Untuk saat ini, meskipun, diperkirakan 80 persen dari 200.000 pekerja Infosys berada di India, pasar yang menyumbang 3 persen dari pendapatannya di seluruh dunia sebesar $ 11 miliar tahun lalu. Perusahaan mengumpulkan 60 persen dari pendapatannya di Amerika Utara, terutama di Amerika Serikat, di mana Infosys mempekerjakan lebih dari 20.000 pekerja, menurut perkiraan analis. Sekitar dua pertiga pekerja Infosys di Amerika, kata mereka, adalah orang India dengan visa pekerja terampil.

Program visa utama seperti itu, H-1B, dimaksudkan untuk membawa orang asing berbakat dengan keterampilan khusus yang akan melengkapi angkatan kerja domestik dan memperkuat ekonomi Amerika Serikat. Tetapi para pengeritik mengatakan para agen outsourcing India menguasai penggunaan celah hukum untuk mendapatkan bagian besar dari visa pekerja terampil, yang, pada gilirannya, memungkinkan perusahaan untuk mempekerjakan pekerja India yang lebih murah.

Pada 2013, Infosys membayar $ 34 juta dalam penyelesaian perdata dengan Departemen Kehakiman dan lembaga federal lainnya, yang menuduh perusahaan melanggar aturan visa secara sistematis, termasuk visa B-1 yang dimaksudkan untuk perjalanan singkat untuk pelatihan atau menghadiri konferensi. Di pemukiman itu, Infosys setuju untuk meningkatkan praktik kepatuhan visa.

Pemerintah terus memantau perusahaan. Satu karyawan saat ini dan dua mantan Infosys, yang berbicara dengan syarat bahwa mereka tidak diidentifikasi, mengatakan penyelidik federal telah menanyai mereka dalam beberapa bulan terakhir tentang penanganan visa perusahaan.

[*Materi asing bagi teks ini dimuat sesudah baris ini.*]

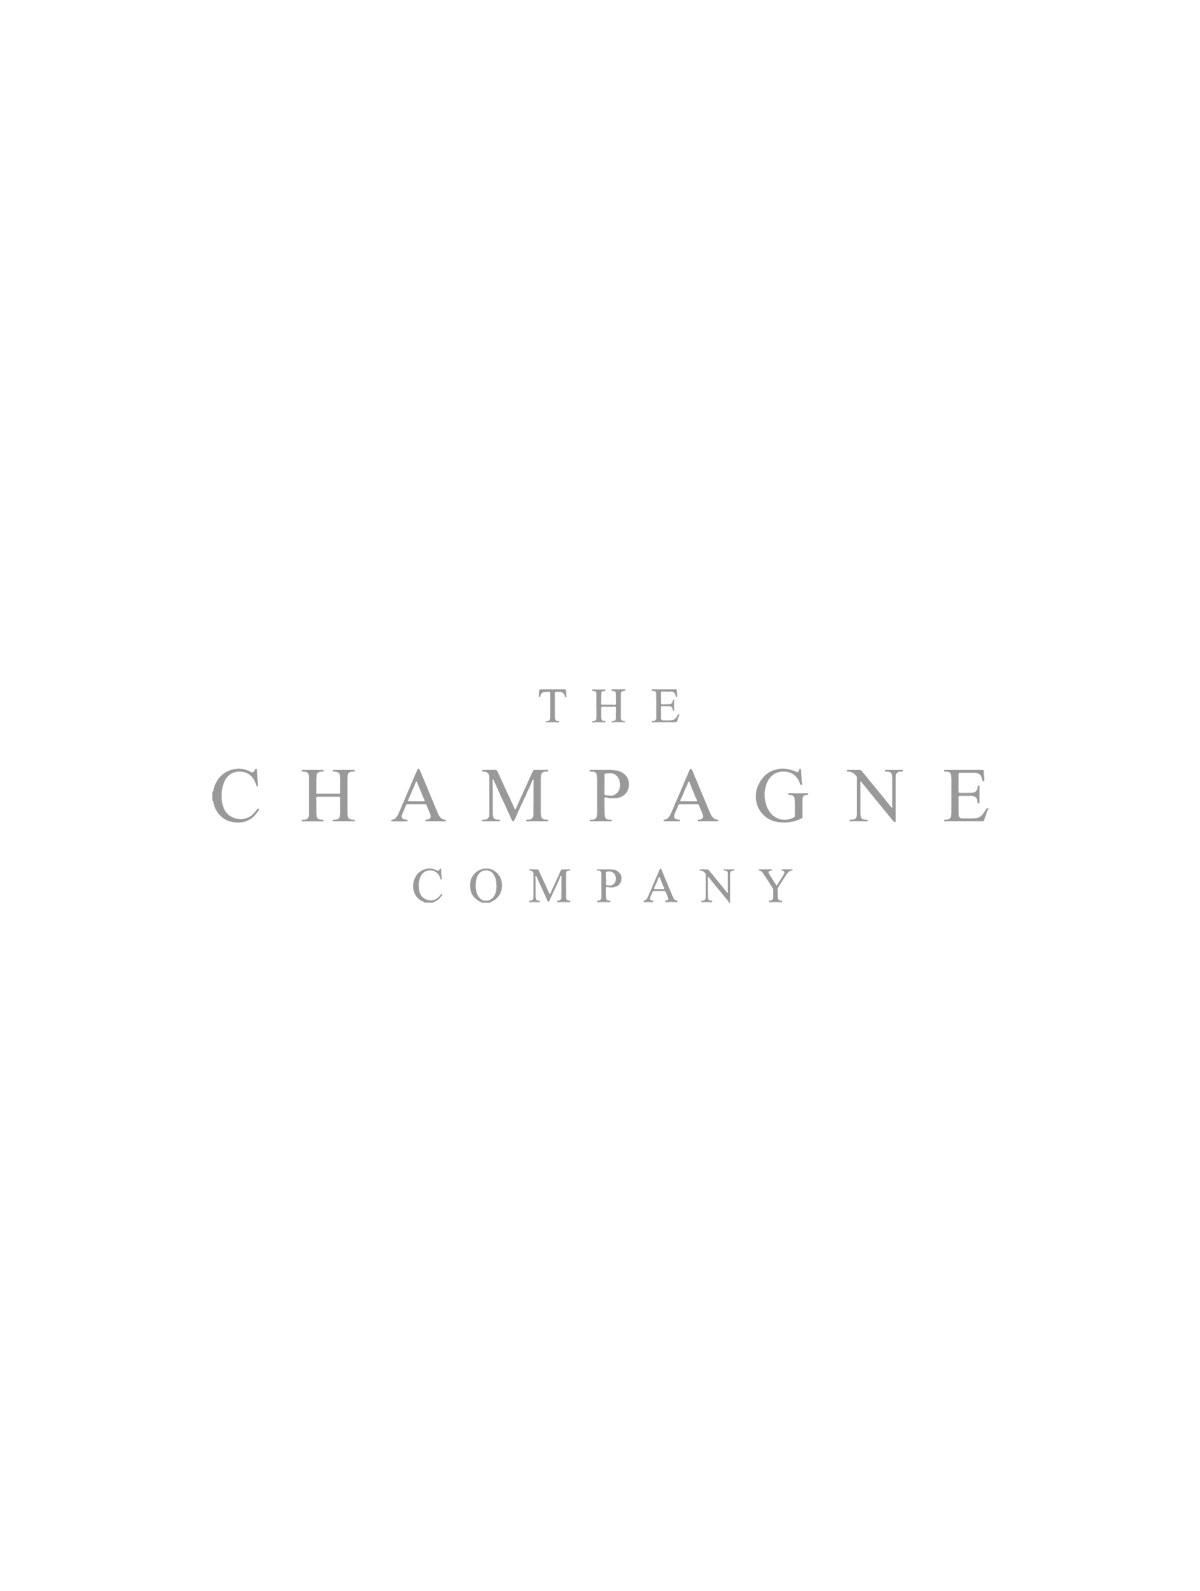 Thienot Cuvee Stanislas Blanc 2005 Champagne Vintage 75cl

Departemen Kehakiman dan Layanan Kewarganegaraan dan Imigrasi Amerika Serikat tidak menanggapi permintaan untuk komentar. Infosys juga menghadapi dua tuntutan hukum perdata yang menuduh perusahaan melakukan diskriminasi dalam perekrutan, promosi dan pemecatan. Akun-akun dari kesaksian dan wawancara dengan para saksi yang terkait dengan pakaian itu bervariasi secara rinci. Tetapi cerita-cerita itu berbagi tema yang menggambarkan betapa sulitnya bagi Infosys untuk mengubah caranya.